5 Things to Do in the Snow.
The holiday season might be quickly coming to a close but snow season is just about to begin!
So what’s a busy adult (read: not overly excited five year old) to do? Why these five things, of course:
My husband leaves for work no later than 8:30 a.m. We have a two-year-old who goes to Montessori school two mornings a week and she and I regularly hit the yoga studio’s early classes. Meaning, I understand the need to clear the driveway in a hurry.
Still, my hubby has been pulling out the shovel rather than the snow blower. Sure, it means he doesn’t have enough time to cycle before work, but he said his lungs feel great after shoveling—and I could see the invigoration of getting outdoors and achieving a practical accomplishment before work.
2. Get outside for 10 minutes.
Our Ohio town was turned into a winter wonderland last week after several inches of snow fell. I was mainly concerned about my man getting home safely from work, but you know what he was focused on? Driving—slowly and cautiously, mind you—a little bit out of his way to hit Toys ‘R’ Us in order to bring home a sled for our daughter.
Now, I couldn’t even find all of my Christmas decorations in the boxes we have yet to unpack from our move a few months ago, much less locate old snow boots and appropriate cold-weather attire.
However, when I looked out our picture window at my family happily playing, I hastily threw on tennis shoes, a coat and hat and ran out the door. We’re all sick and it was pretty darn cold, so we only stayed out with our toddler for a matter of minutes—and it was worth every second.
Point: don’t feel you have to commit to hours of snow play to make bundling up worth it or that you even have to own amazing gear to bundle up in. Just get outside with your kids and make memories—for all of you.
3. Drive safely.
The morning of all this first snowfall, my little girl and I were running errands. I was going about 42 mph on a 45 mph curvy, country-ish road frequented by deer when I was obnoxiously passed by a car easily going 70. (FYI: Speed limit means that’s the maximum speed and when conditions are poor, this limit isn’t meant to be necessarily even met much less exceeded.)

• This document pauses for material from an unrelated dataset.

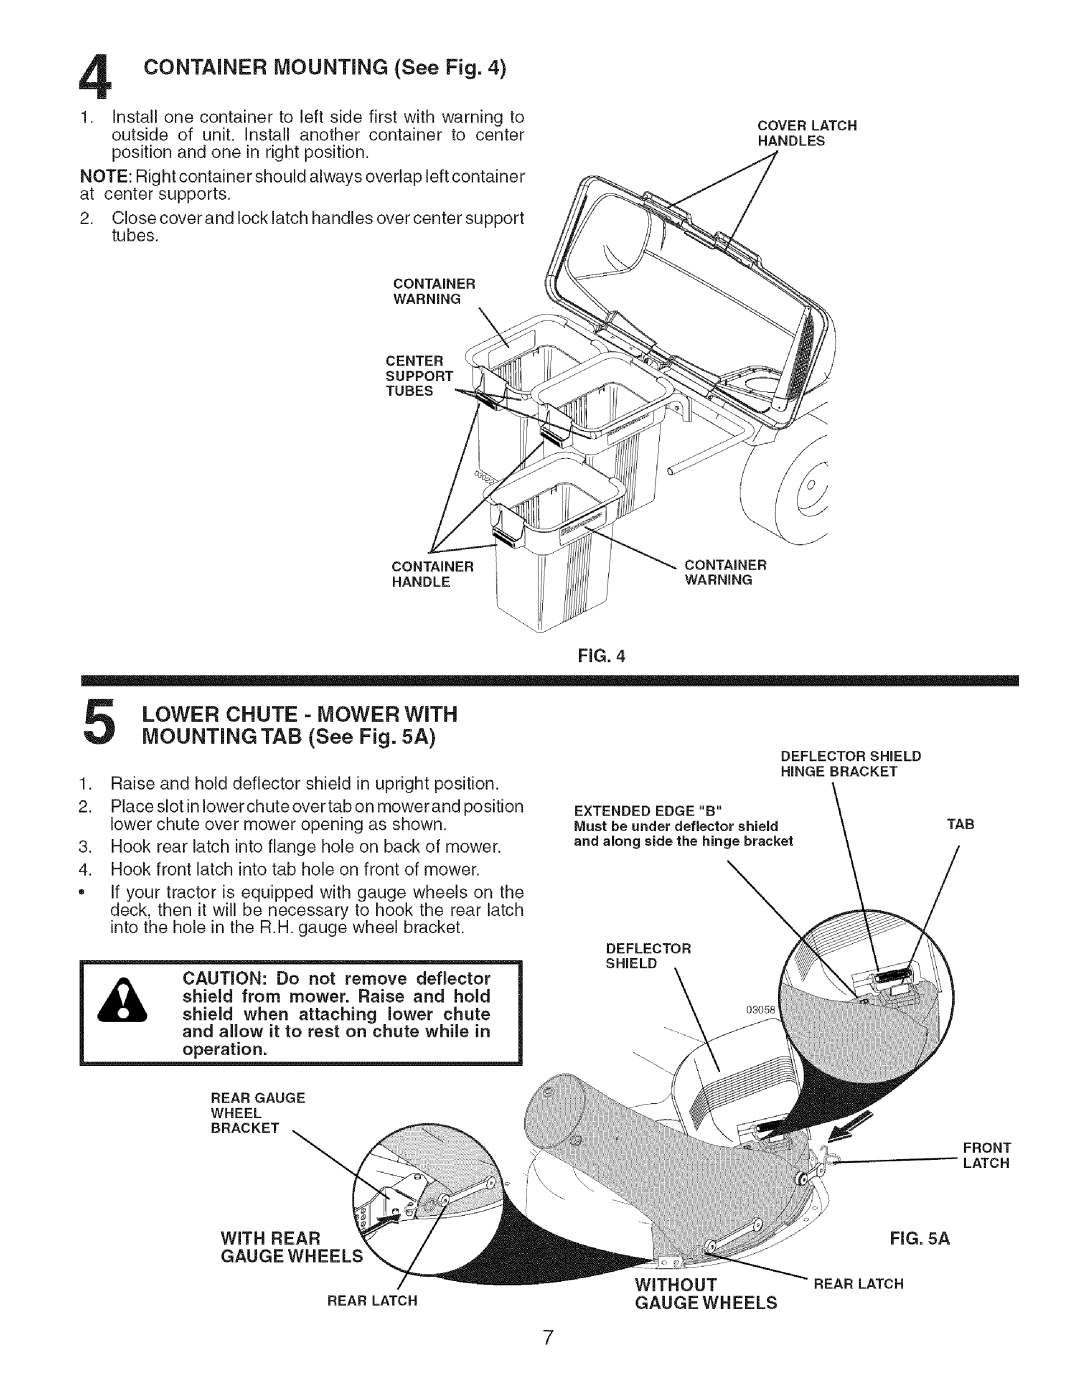 Craftsman 917.24898 owner manual Lower Chute = Mowerwith, MOUNTING TAB See A, CONTAINER MOUNTING See Fig, Gauge Wheels

I’ve been a no-more-than-five-miles-per-hour-over-the-speed-limit driver since I was a teenager and honestly can’t relate to this total lack of safety, especially with children in the car. My husband and I have a running joke that people get their “jollies” by speeding, because they eat crappy food and sit around all day and have no physical outlet for their energy, so they get said “jollies” by being irrationally-charged drivers rather than getting off their lazy butts and getting out into the snow to, say, shovel or play with their kids.
Get your jollies in a way that doesn’t risk my life. Thank you.
I was raised in a cross-country skiing family, but I wasn’t sure people even did this anymore. If you read my past elephant blogs, you’ll see me mention my on-going Nordic Track obsession, so imagine my pleasant surprise when I went to the local outdoor outfitters shop for warm socks for my daughter and ran into skiers, literally by the carloads, stocking up on their cross-country needs.
Considering that I’m a mom and I never seem to have enough time with my man, and neither of them ski, so I can’t guarantee that I’ll be spending countless hours heading to even a nearby park, but I can promise that my neighbors will be seeing me out in my yard on a regular basis.
Again, just getting outside for any amount of time is good for you—body, soul and mood.
5. Be courteous.
Okay, so maybe my last tip should have been to make a snowman or a snow angel, but I’m going a different route.
Perhaps you have an elderly neighbor who has trouble wielding a snow blower much less a shovel—or maybe you had a bad day at work and want to get your jollies by speeding home on a treacherous road, regardless of the safety of that silver Jetta carrying a darling miniature lady ahead of you.
Please be a kind human being and help people out when you can.
Whether that means shoveling the sidewalk a little bit further down than just your house, or being just a little bit more cautious when you drive.
There’s no better time for old-fashioned fun than a fresh snow season! So, stay warm; stay safe—and remember that we all have an excited five-year-old inside of us ready to get out and play in the snow!